Publié le 21 septembre 2009 par Sylvainrakotoarison

(dépêches)
Scoop étrange : les amours révélées de Valéry Giscard d'Estaing avec Lady Diana ?
(VGE et Lady Di en 1994)
VGE-Lady Di, le vrai roman de la rentrée
Philippe Cohen - Marianne | Dimanche 20 Septembre 2009 à 18:11 | Lu 13727 fois
Dans un roman à clefs à paraître à la fin du mois, l'ancien président de la République s'apprête à suggérer certains éléments de sa vie privée et notamment une relation très particulière avec Diana dans les années 1980.
Quand un Président rencontre une princesse (dessin: Louison)
Le secret était assez bien gardé. Le livre est bien sûr édité sous X, comme on dit dans le jargon des maisons d'édition, c'est-à-dire que le diffuseur, en l'occurrence Hachette, livre les libraires sans bons de commande, « à la fourchette » de palettes d'ouvrages rendues anonymes, tandis que la presse est tenue à l'écart du processus de promotion du livre, sauf un journal choisi qui publiera les bonnes feuilles.
Le scoop, le voilà : dans ses mémoires à paraître à la fin du mois, co-éditées par de Fallois et Fixot, l’Ex évoque sa love affaire avec Lady Di dans les années 1980. Bien sûr, le passage sur cette croustillante affaire peut toujours être supprimé au dernier moment. Mais Fallois et Fixot misent bien sur ces révélation pour établir leur tirage à 100 000 exemplaires, un tirage tout à fait exceptionnel.
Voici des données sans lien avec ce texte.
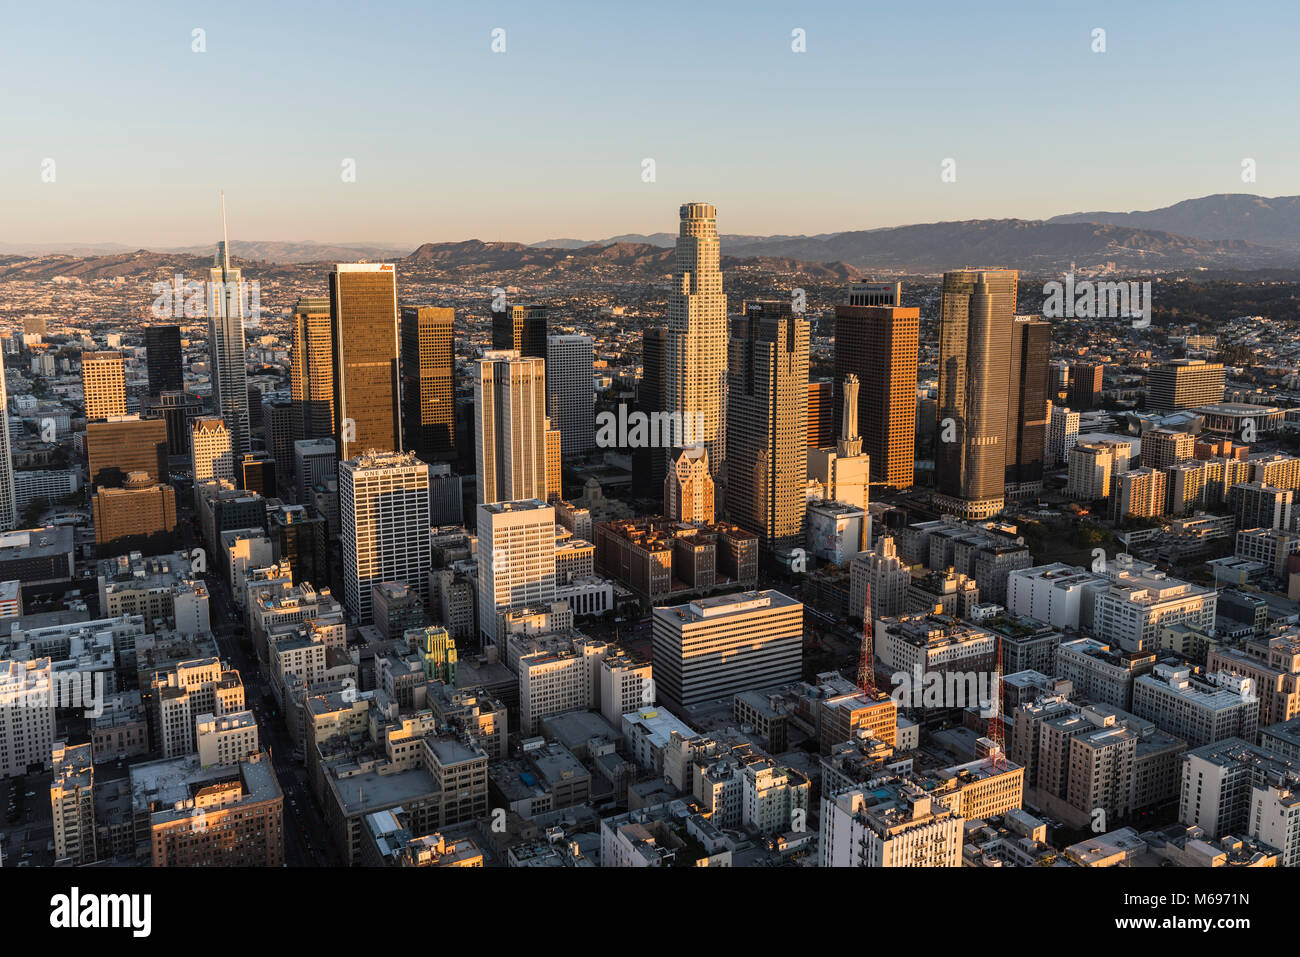 Los Angeles, California, Stati Uniti d'America - 20 Febbraio 2018: la mattina presto vista aerea delle torri, le strade e gli edifici del nucleo urbano del centro cittadino di Los Angeles. Foto Stock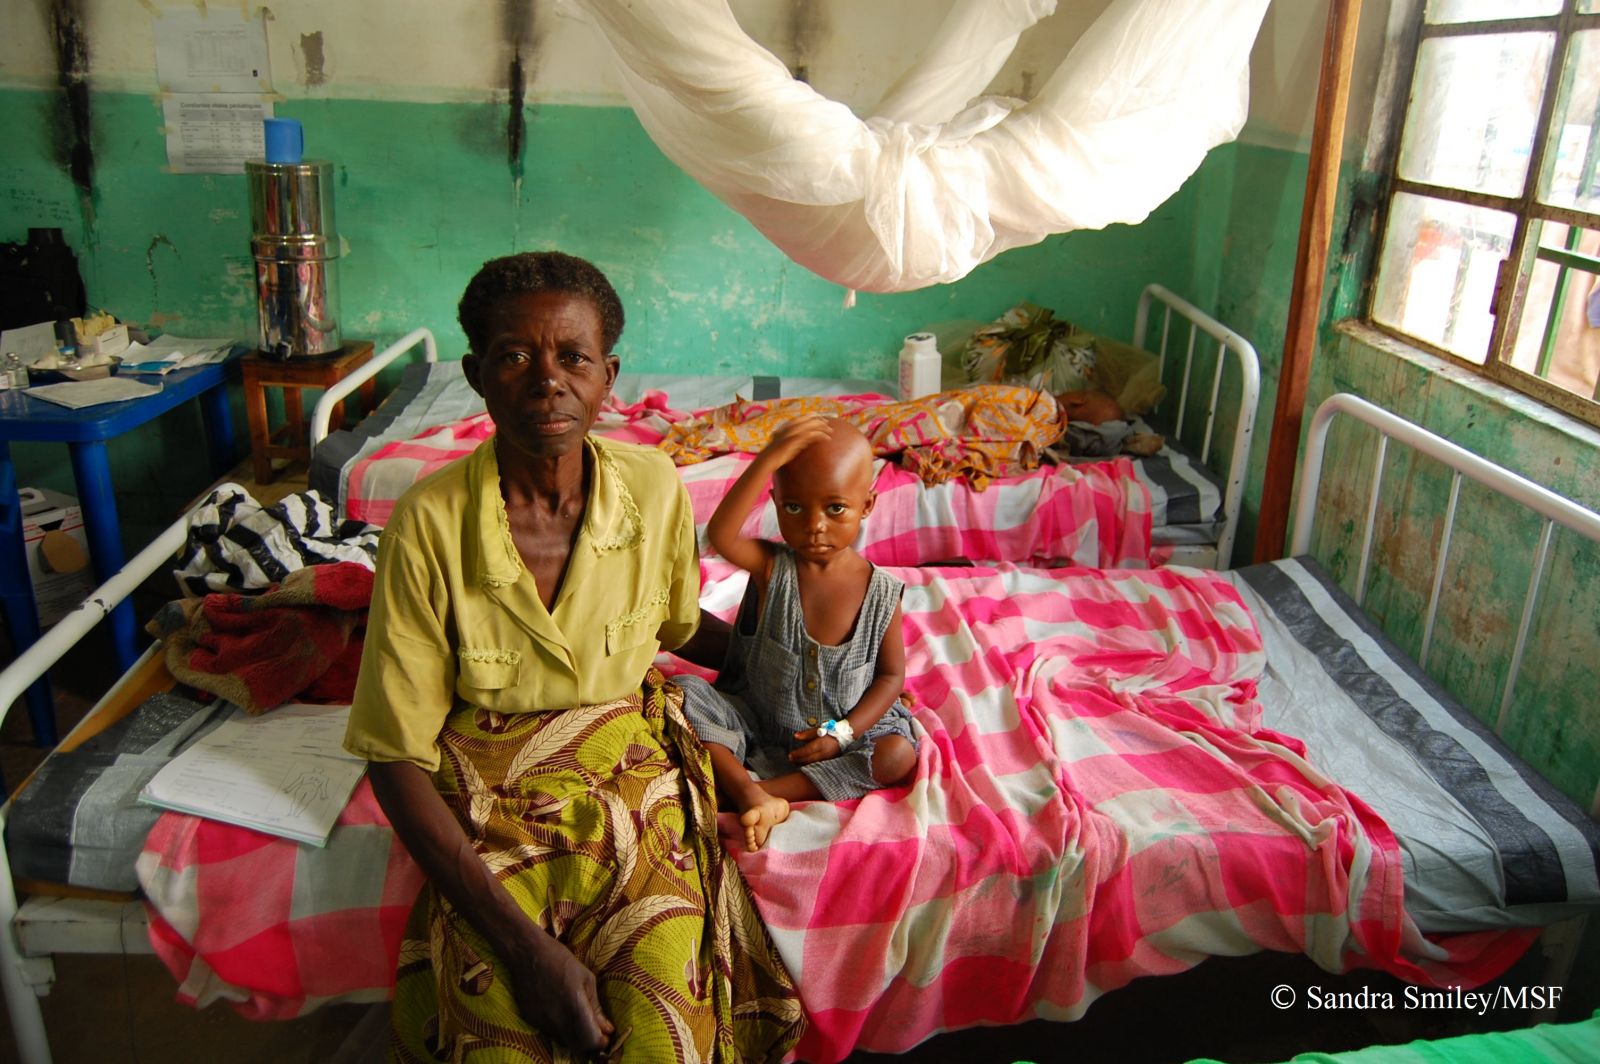 국경없는의사회가 지원하는 카탕카 지역의 병원에서 말라리아 치료를 받고 있는 환자

A l’origine, l’auteur ne souhaitait pas être publié par Fixot, maison dirigée par son gendre, ce que l’on peut comprendre compte tenu des révélations sur sa vie privée qu’il se préparait à publier. Mais ce dernier a fait le forcing, et le livre est donc coédité par les deux maisons, de Fallois et Fixot.
 
Bernard de Fallois est l’éditeur du livre. Un vieux monsieur du métier qui revendique l'artisanat, s'affiche comme un farouche défenseur de son indépendance, et ami de Giscard. Bref, il n’est pas le genre à s’épancher devant un journaliste. La discrétion était donc assurée de son côté, même lorsque Marianne a tenté – gentiment – de le harceler.
 
Tout a donc été conçu pour aménager l’effet de surprise, supposé être la clef d'un bon marketing éditorial. Mais l’édition d’un livre et la publication de bonnes feuilles dans la presse, implique de mettre au parfum un nombre tel de personnes qu’elle finit bien souvent par « fuiter ». Et même si Hachette refuse évidemment de confirmer ou d'infirmer cette info, plusieurs informations montrent que le coup se prépare même si on n'en connait pas encore toutes les modalités.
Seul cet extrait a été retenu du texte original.